The effect sizes range from -0.11 to +0.18, hovering around the zero mark – so even if it turns out that they are real, they’re small. But under the usual conventions of scientific publishing, these are null results.

For what it’s worth, my bet is that there is some small but non-zero effect of mindset interventions on learning, although I would not be at all surprised to learn that it’s entirely ineffective. But assuming it’s real, this tiny effect does not come for free.

The Portsmouth programme’s workshops cost about £400 per pupil per year, apparently. The average spend per English primary school pupil in 2017/18 was £4,700; for secondary school, £6,200. So we’re talking about spending 7% of the total money per pupil on mindset interventions. Other interventions, such as that studied in the Yeager paper, were cheaper. But the effects are so small that we need to think very carefully about whether they’re cost-effective.

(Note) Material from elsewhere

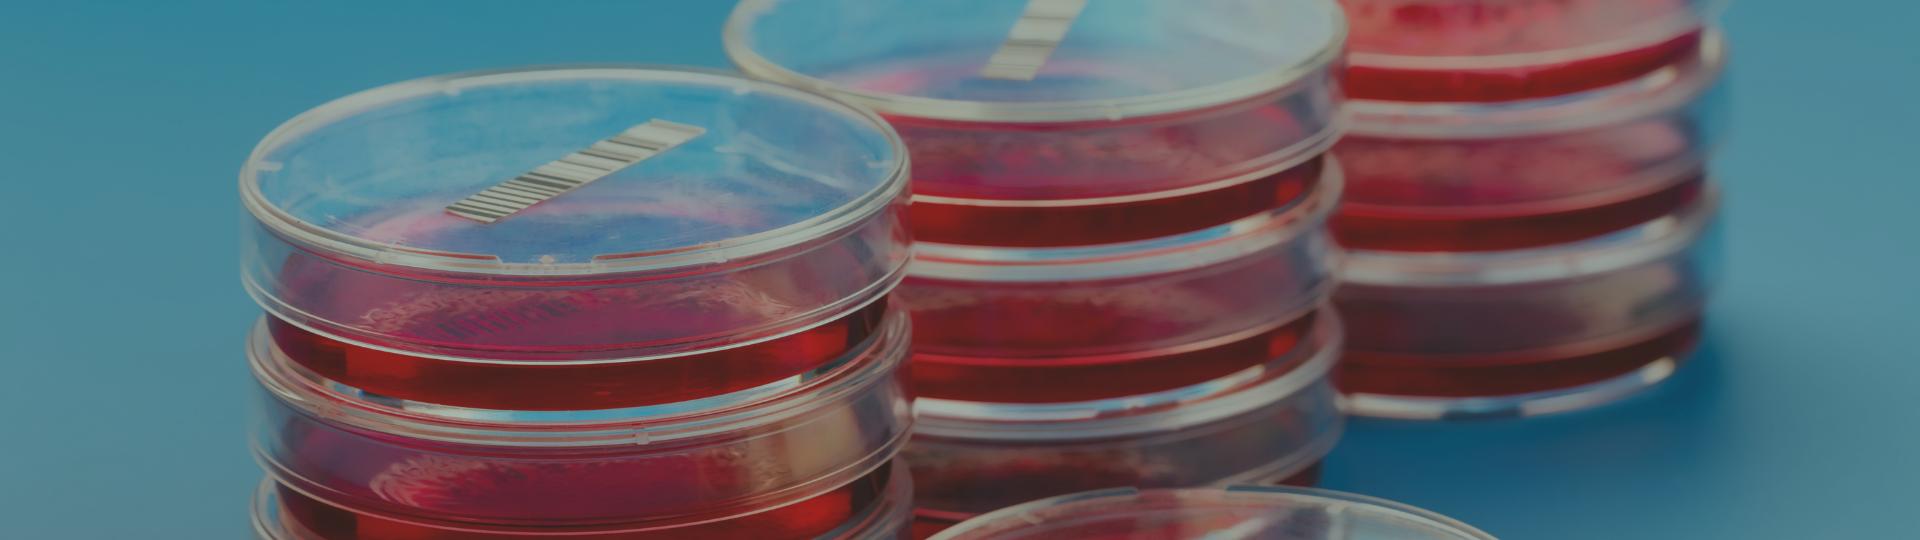 MICROBIOLOGIA DO DIAGNÓSTICOS DO BRASIL É DESTAQUE NO MERCADO LABORATORIAL | Diagnósticos do Brasil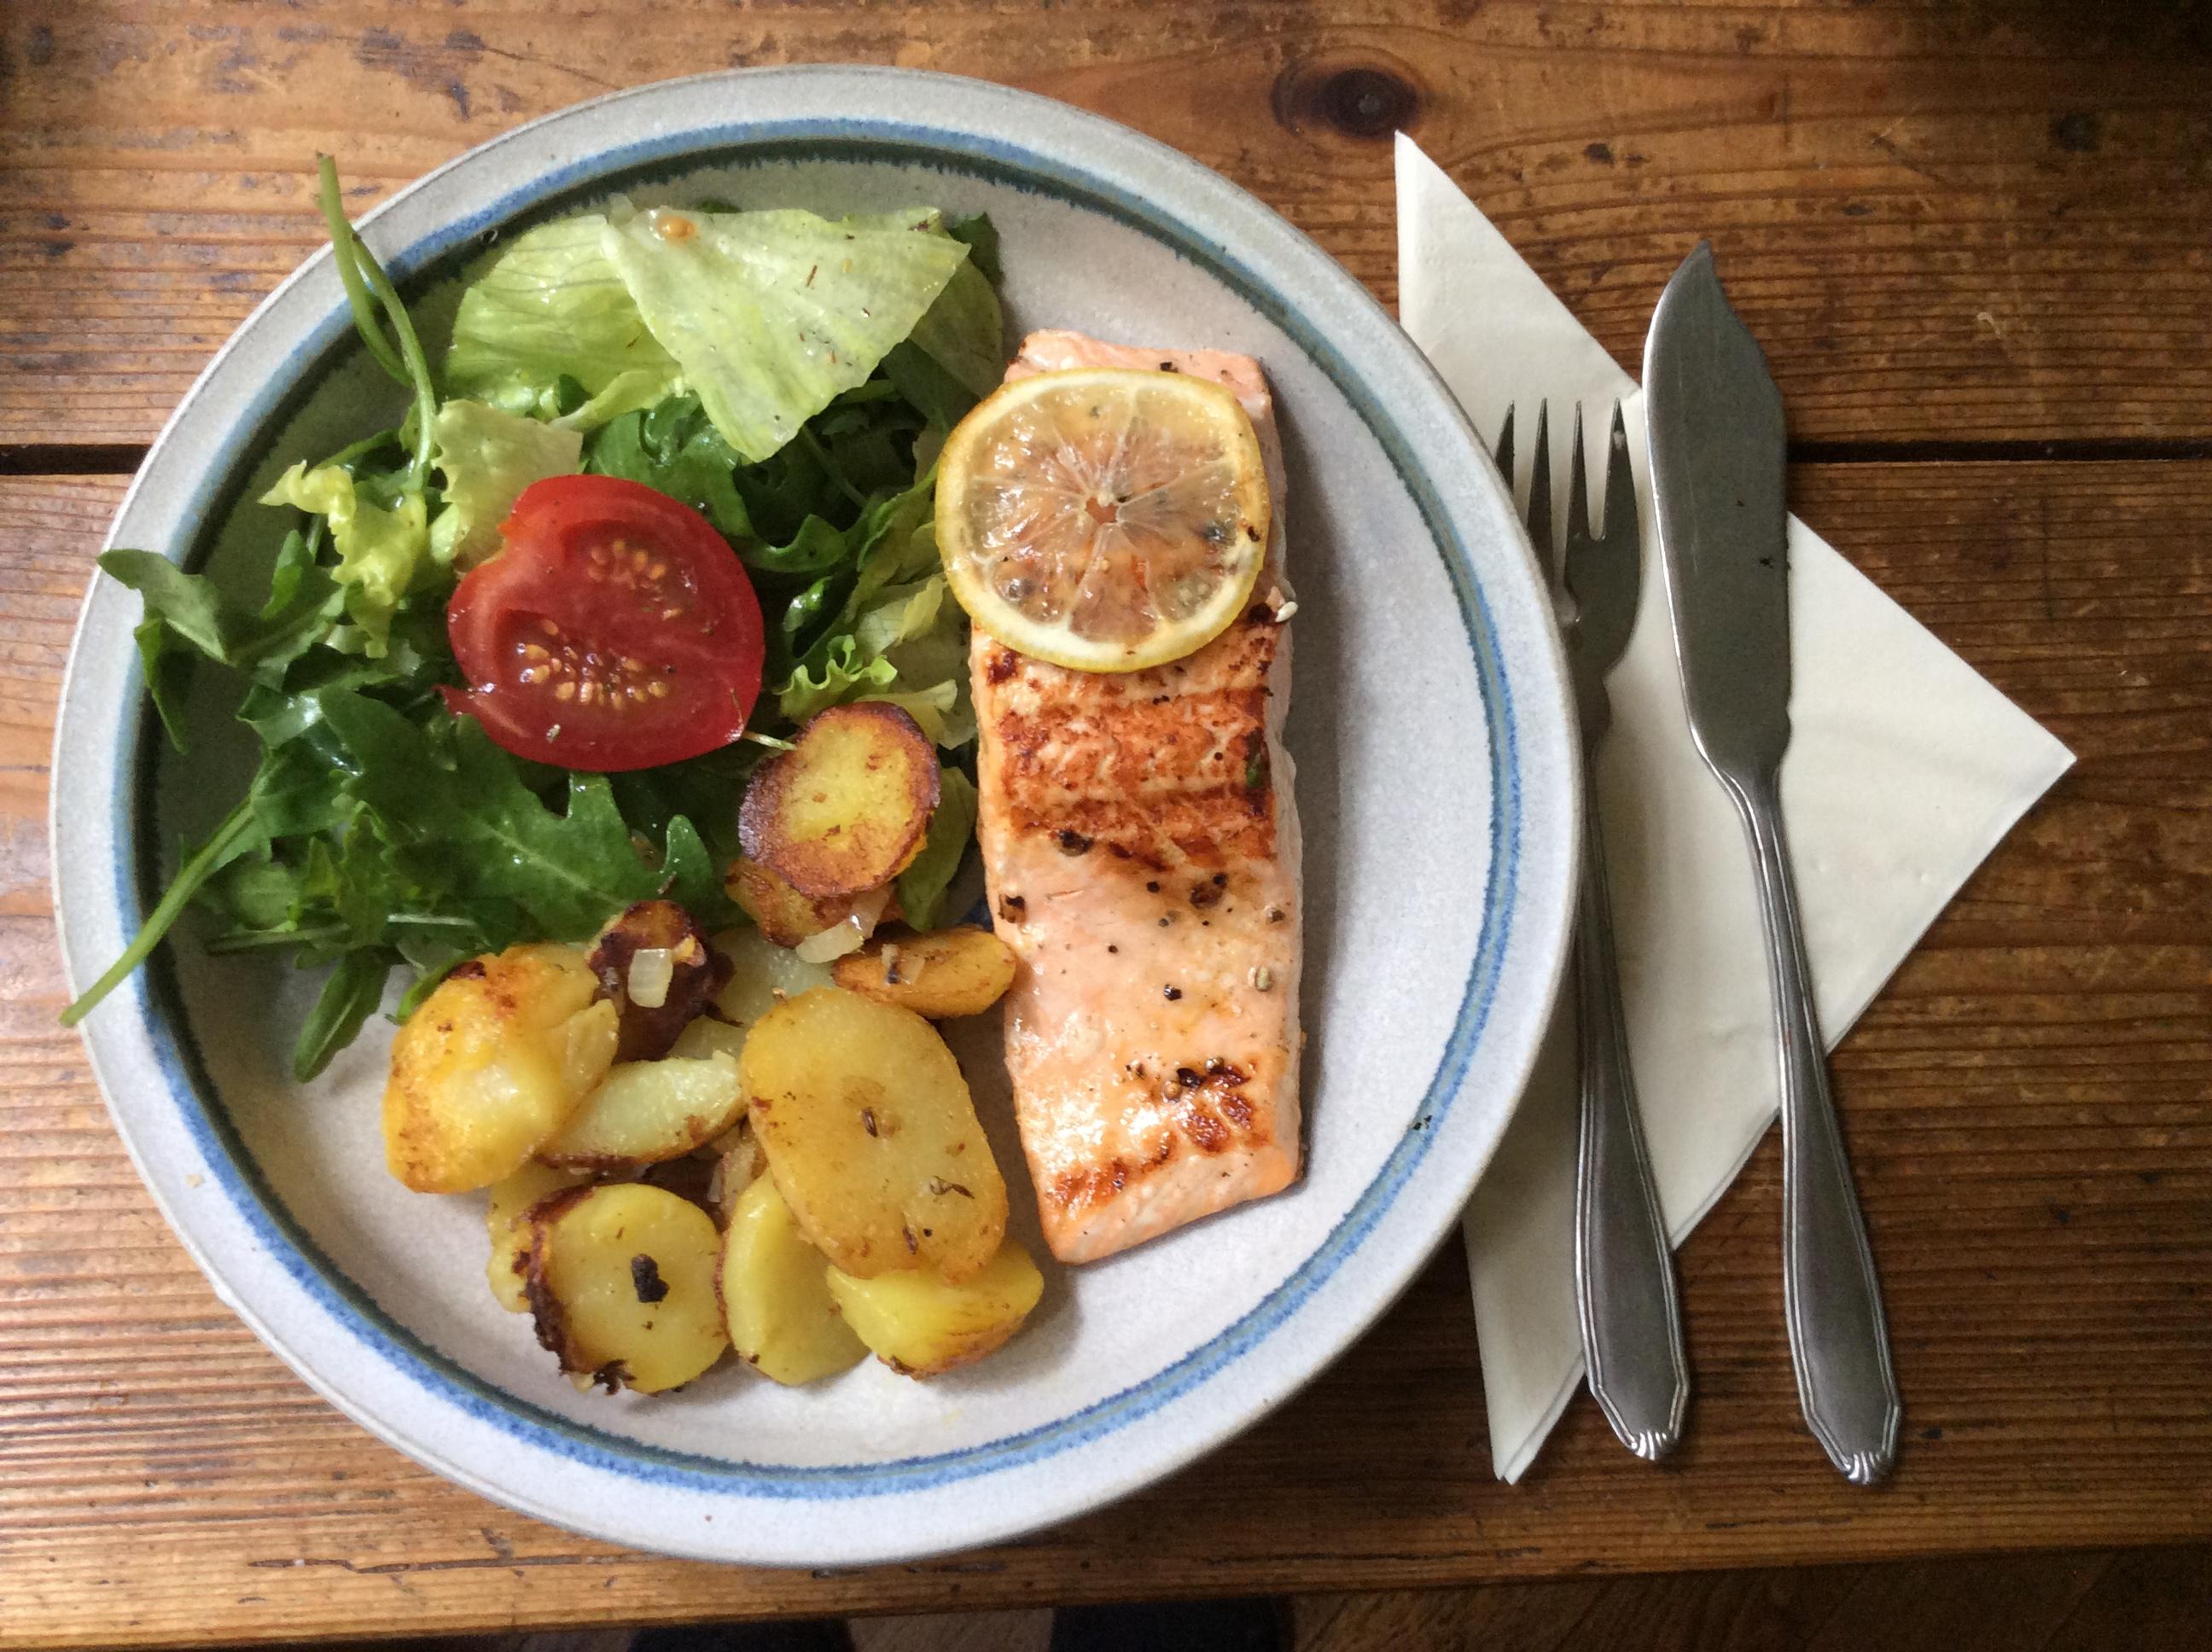 Lachs,Bratkartoffel,Salat. - 28.8.15   (1)

There’s folk wisdom here that we can all agree on and in fact is kind of obvious: if you believe that you can’t improve on your abilities, you won’t work to improve them. But we all know that practice makes you better at things. Still, most of us also think that practice only gets you so far. While we can all learn to play the violin, only some of us can play at Carnegie Hall. Most of us are both growth and fixed mindsets, in the end.

Anyway, we quietly ignored our son’s “homework”. The poster was forgotten. Hopefully his mindset will survive.

This article was published in the October 2019 edition of Nomanis.